Give back exactly the line containing "Chiara Vannucci: avvocatessa" and all that follow it in the data below, with the pictures left out.

(Beginning of PROVIDED DATA)

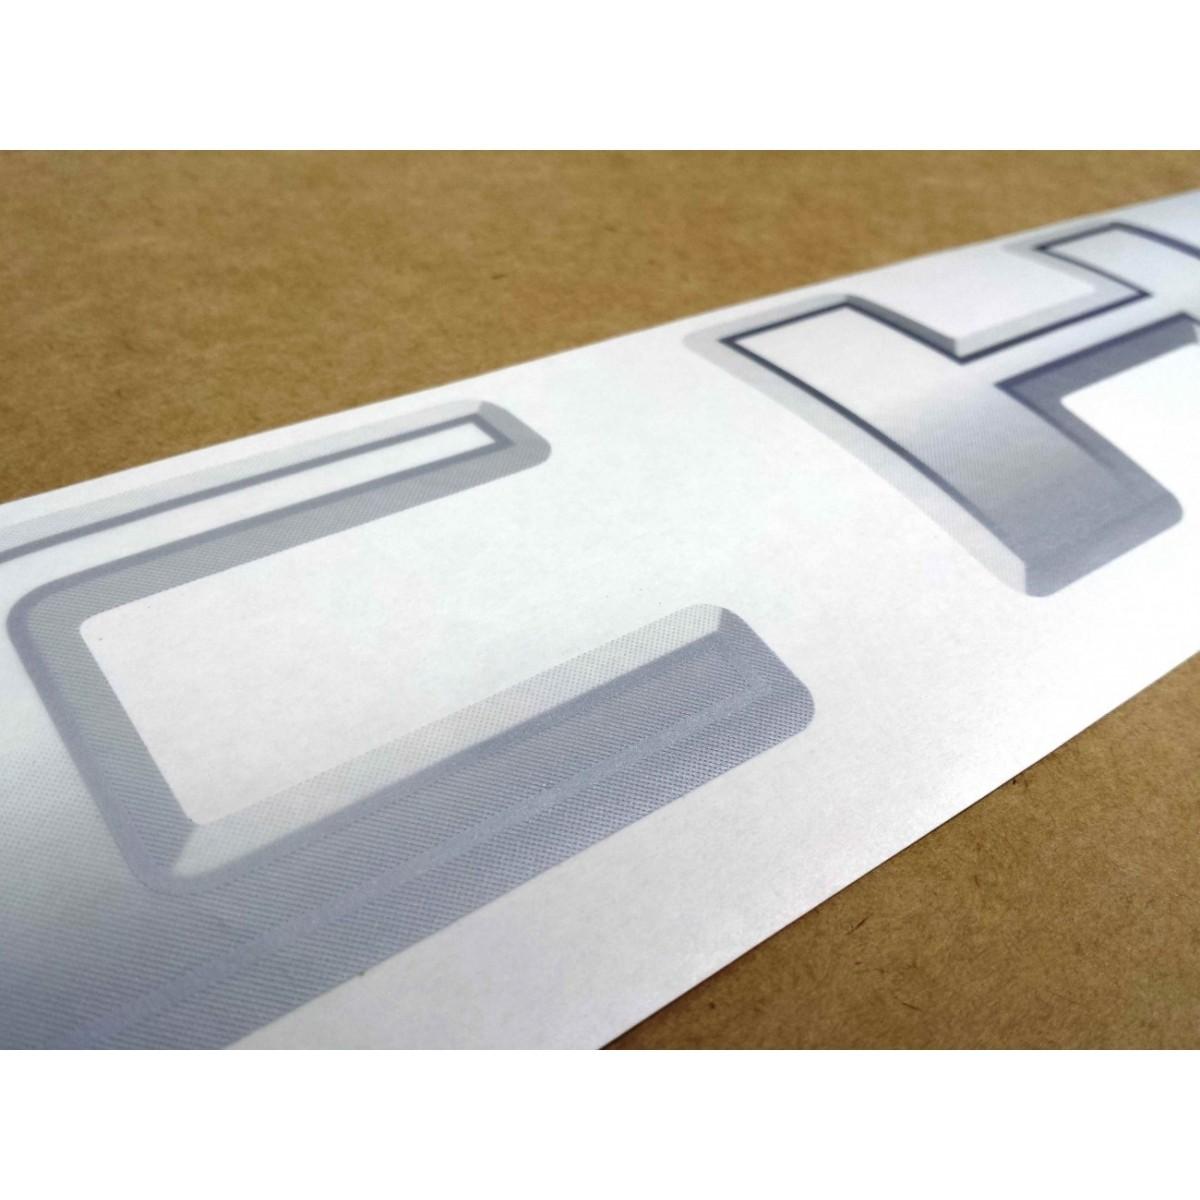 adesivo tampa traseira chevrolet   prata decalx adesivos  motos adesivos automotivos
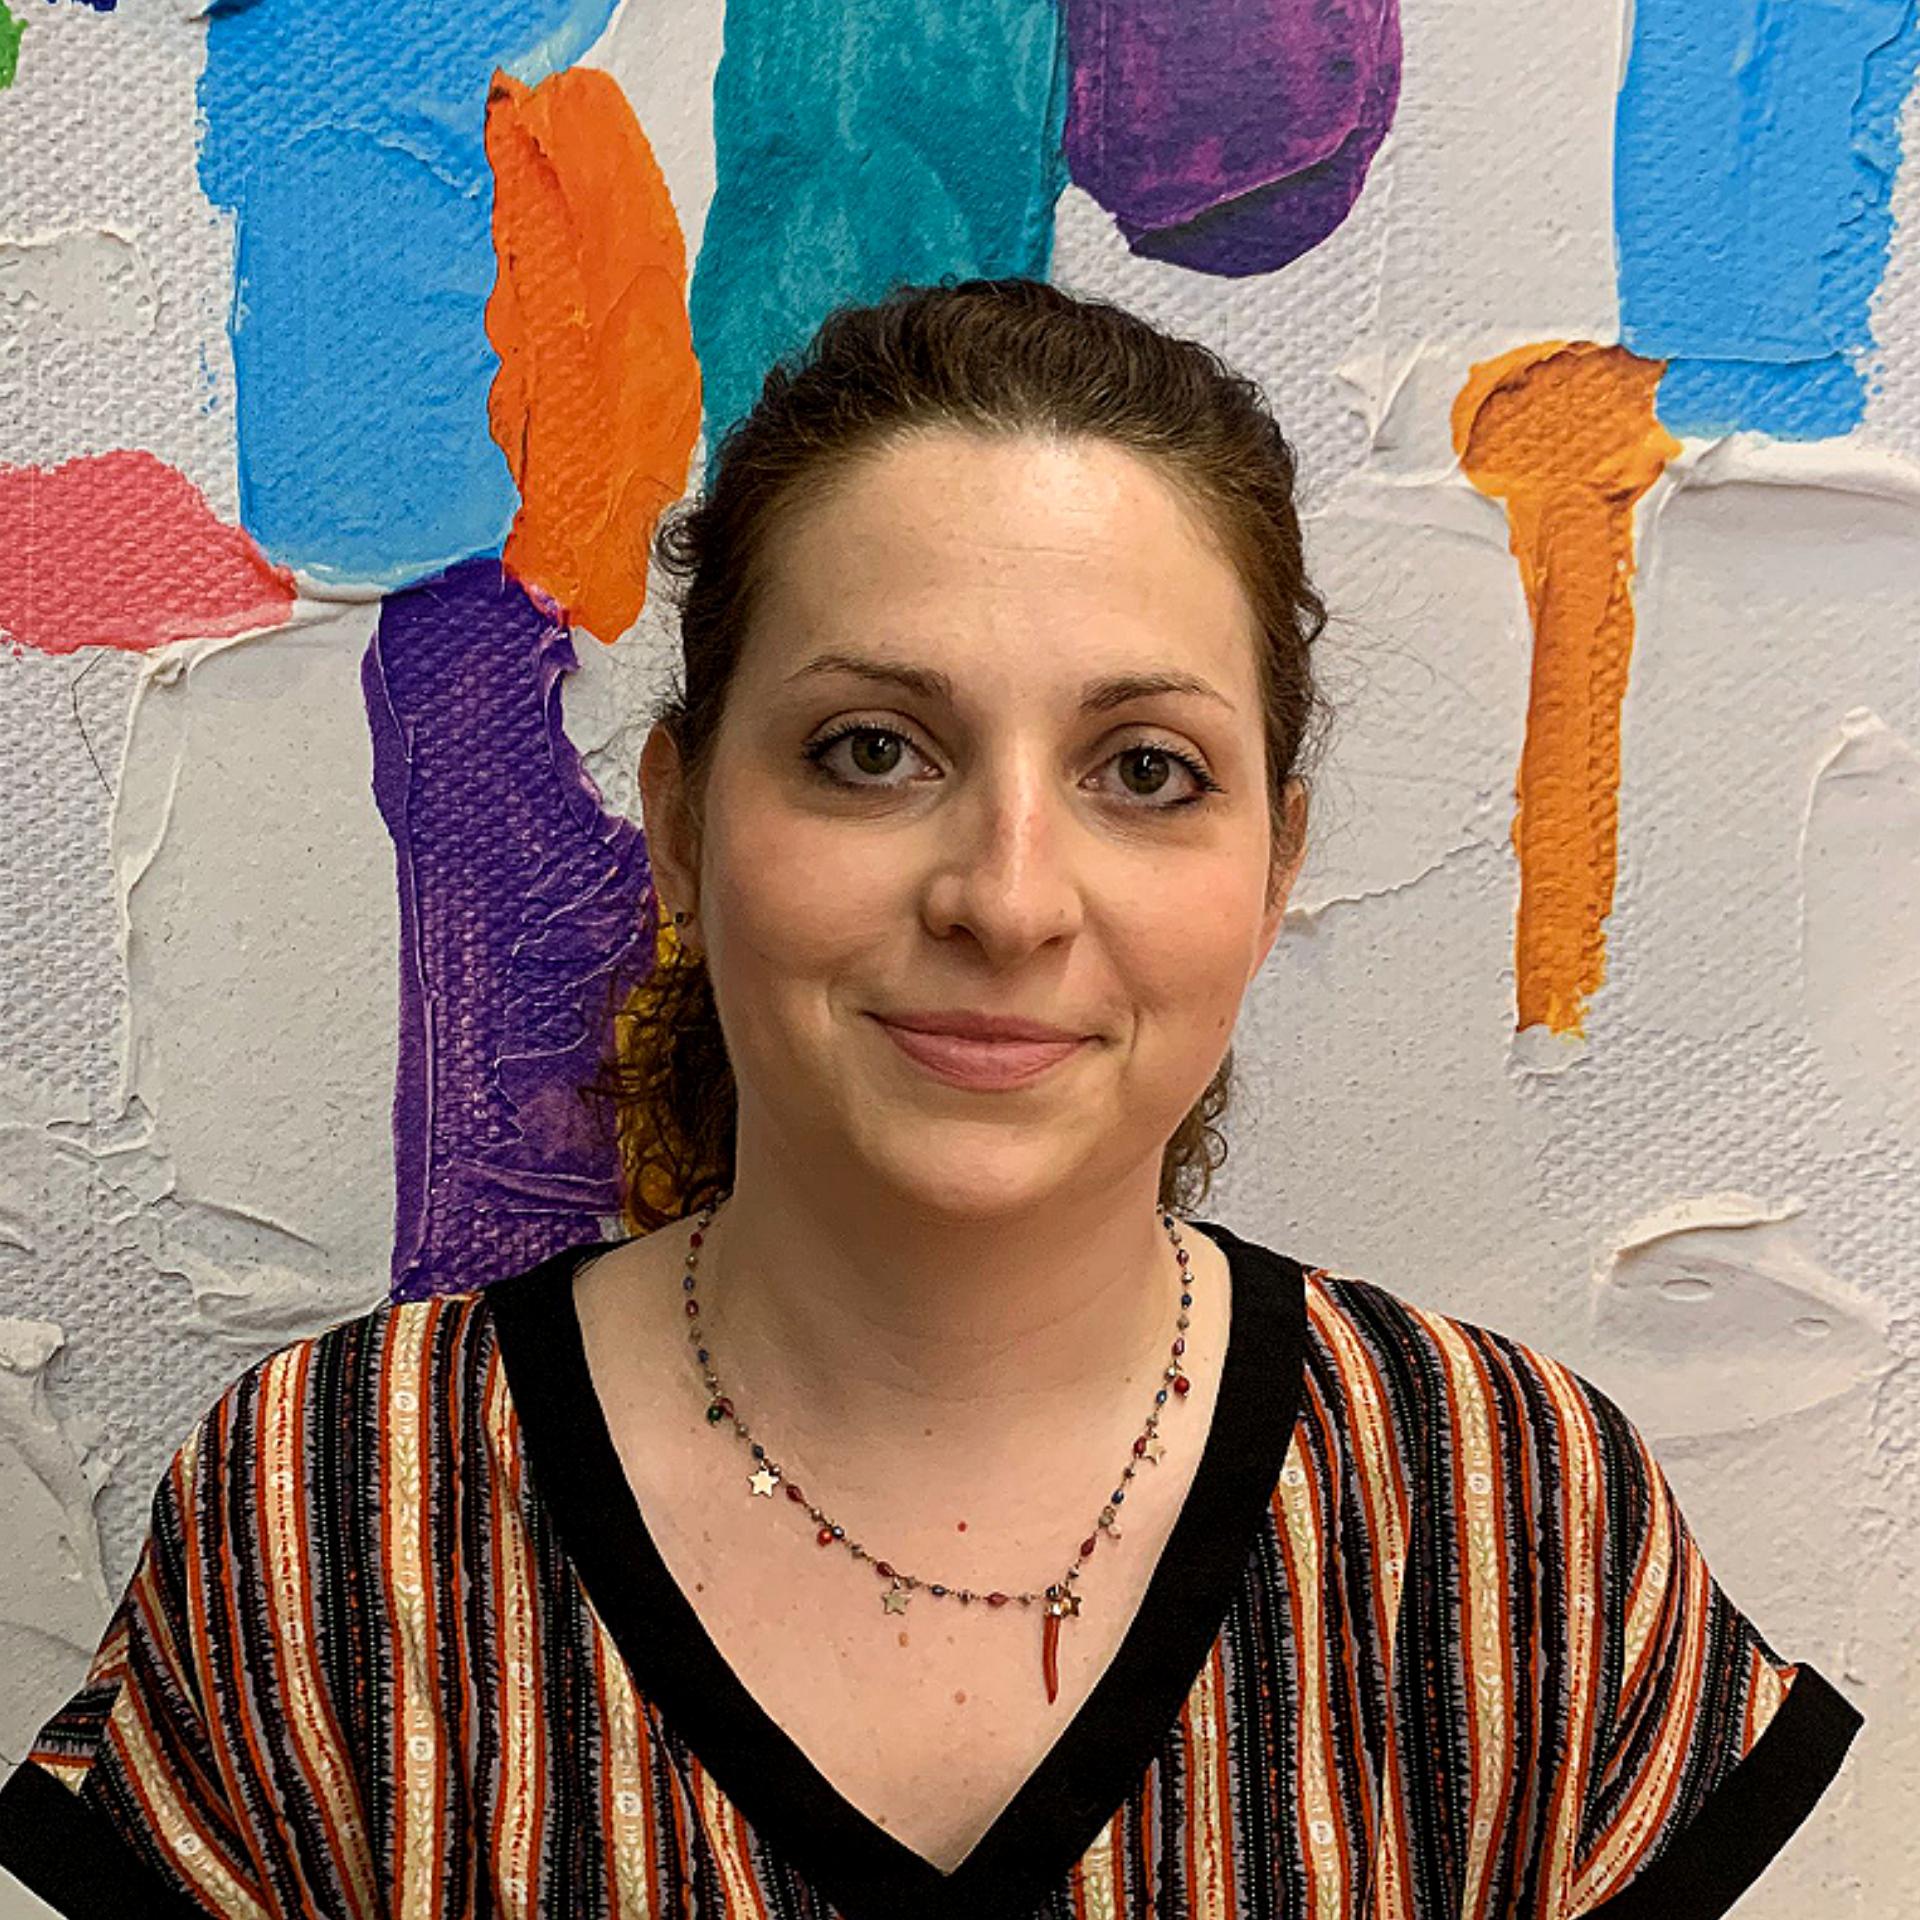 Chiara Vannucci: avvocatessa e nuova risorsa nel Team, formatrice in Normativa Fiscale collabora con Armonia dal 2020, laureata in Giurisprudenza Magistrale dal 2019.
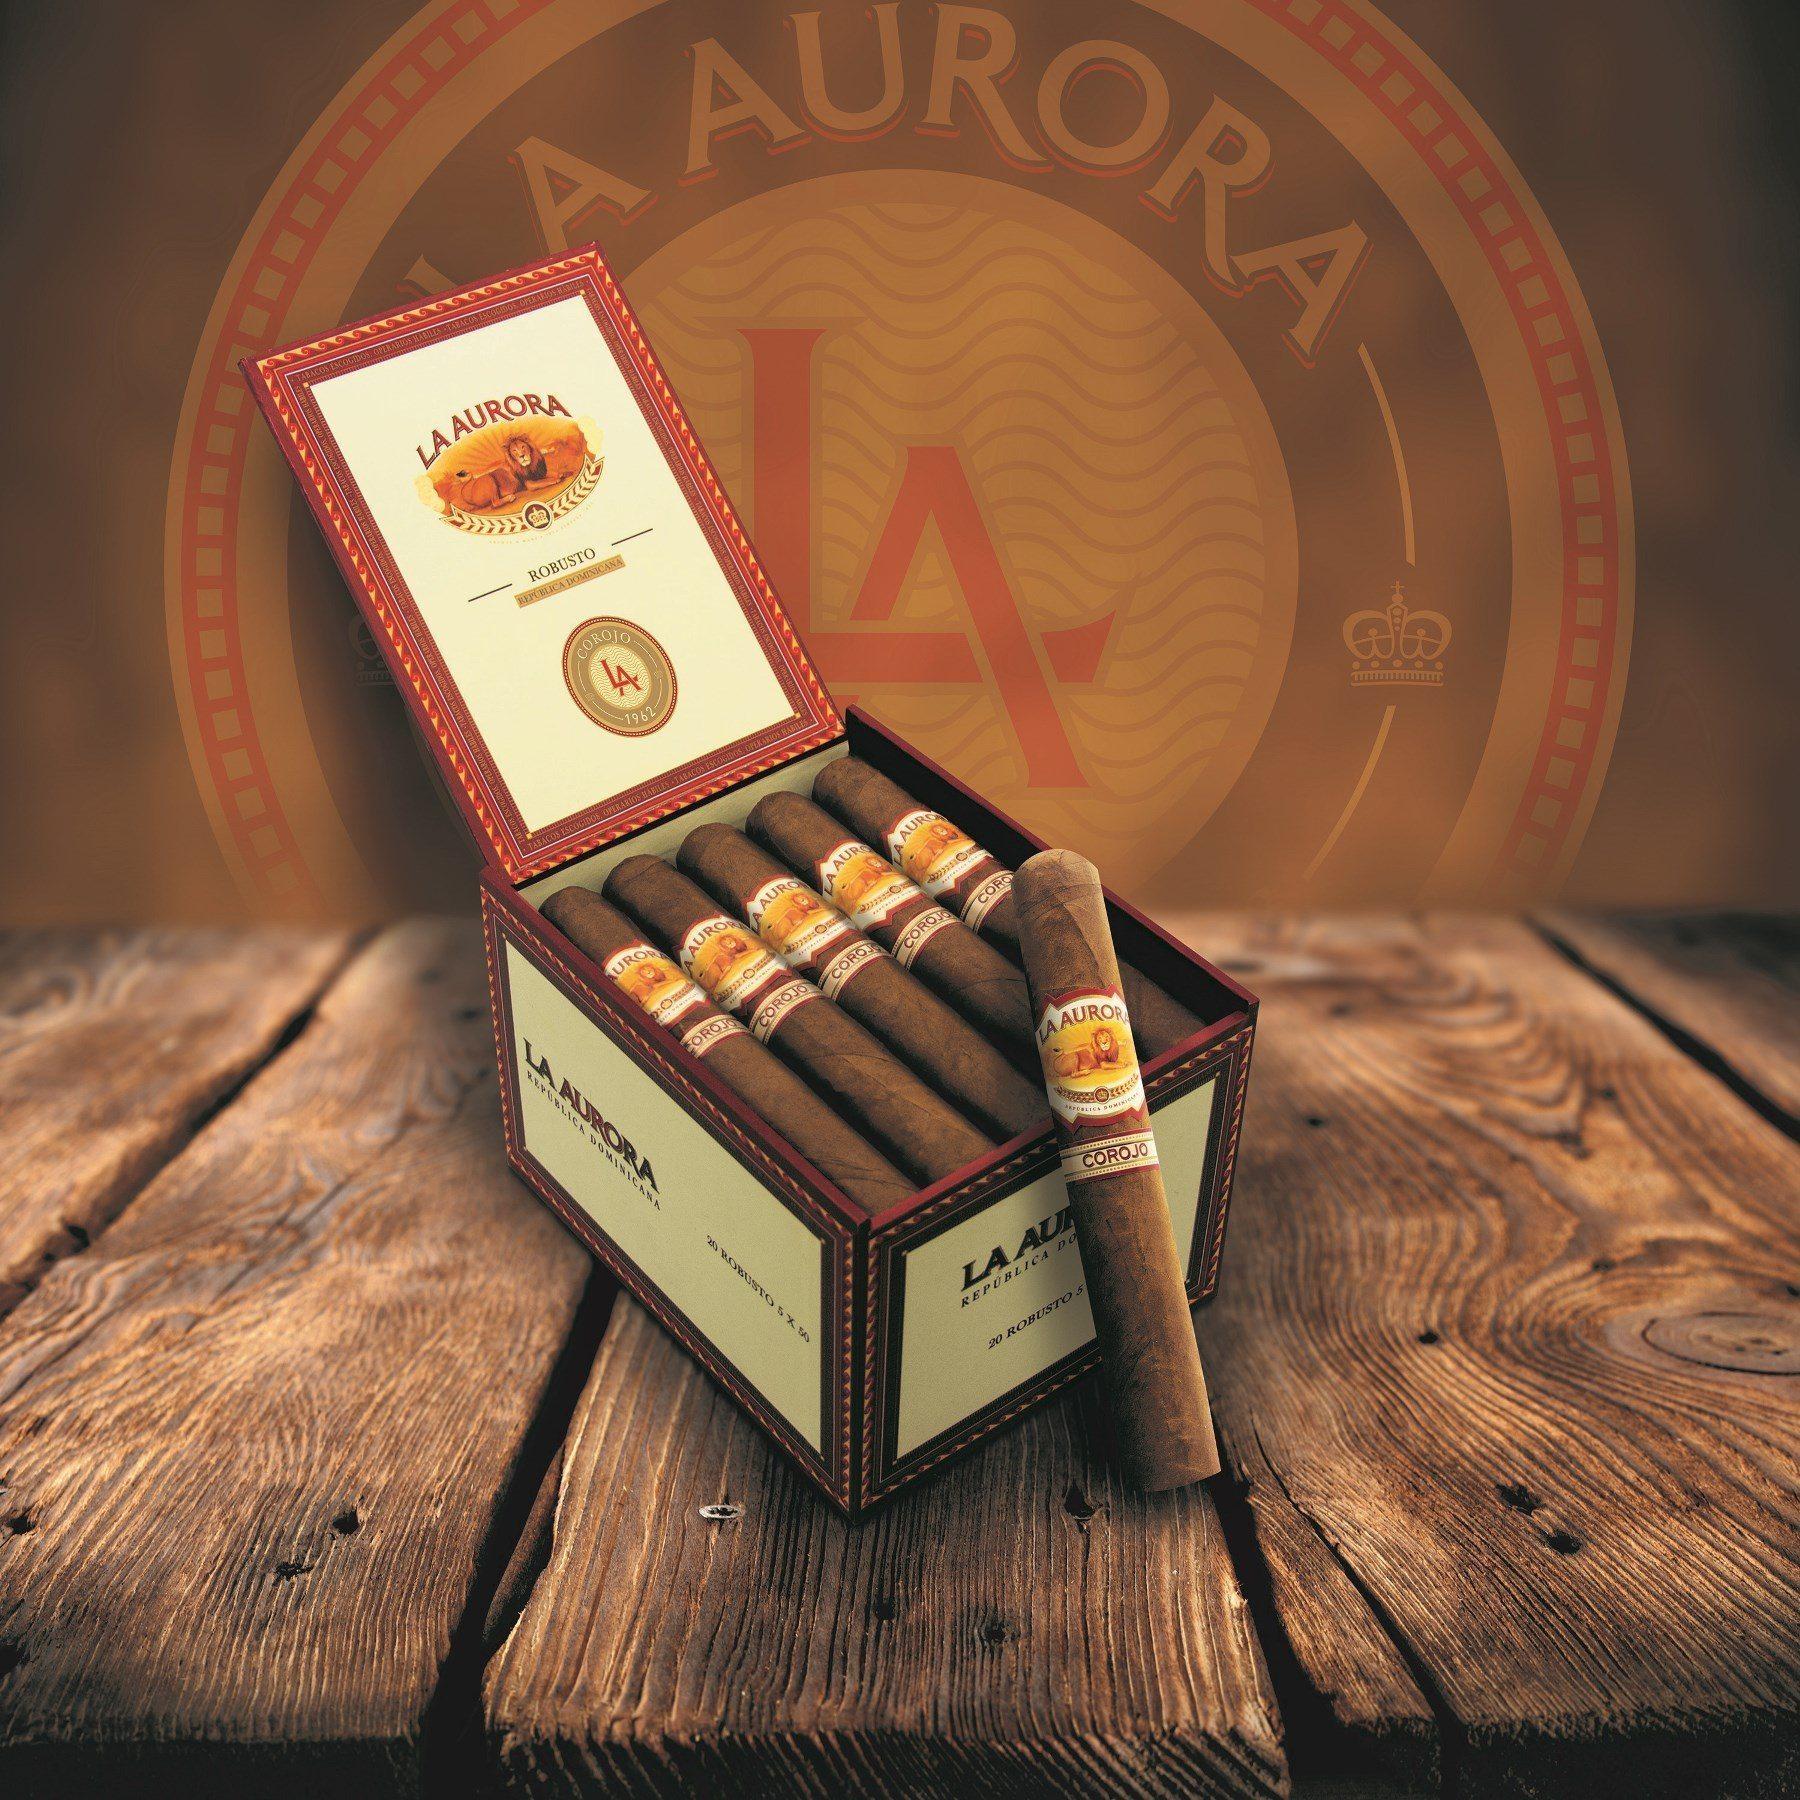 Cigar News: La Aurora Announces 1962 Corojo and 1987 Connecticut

(End of PROVIDED DATA)

RESPONSE BOX:
 Chiara Vannucci: avvocatessa e nuova risorsa nel Team, formatrice in Normativa Fiscale collabora con Armonia dal 2020, laureata in Giurisprudenza Magistrale dal 2019.
 Cigar News: La Aurora Announces 1962 Corojo and 1987 Connecticut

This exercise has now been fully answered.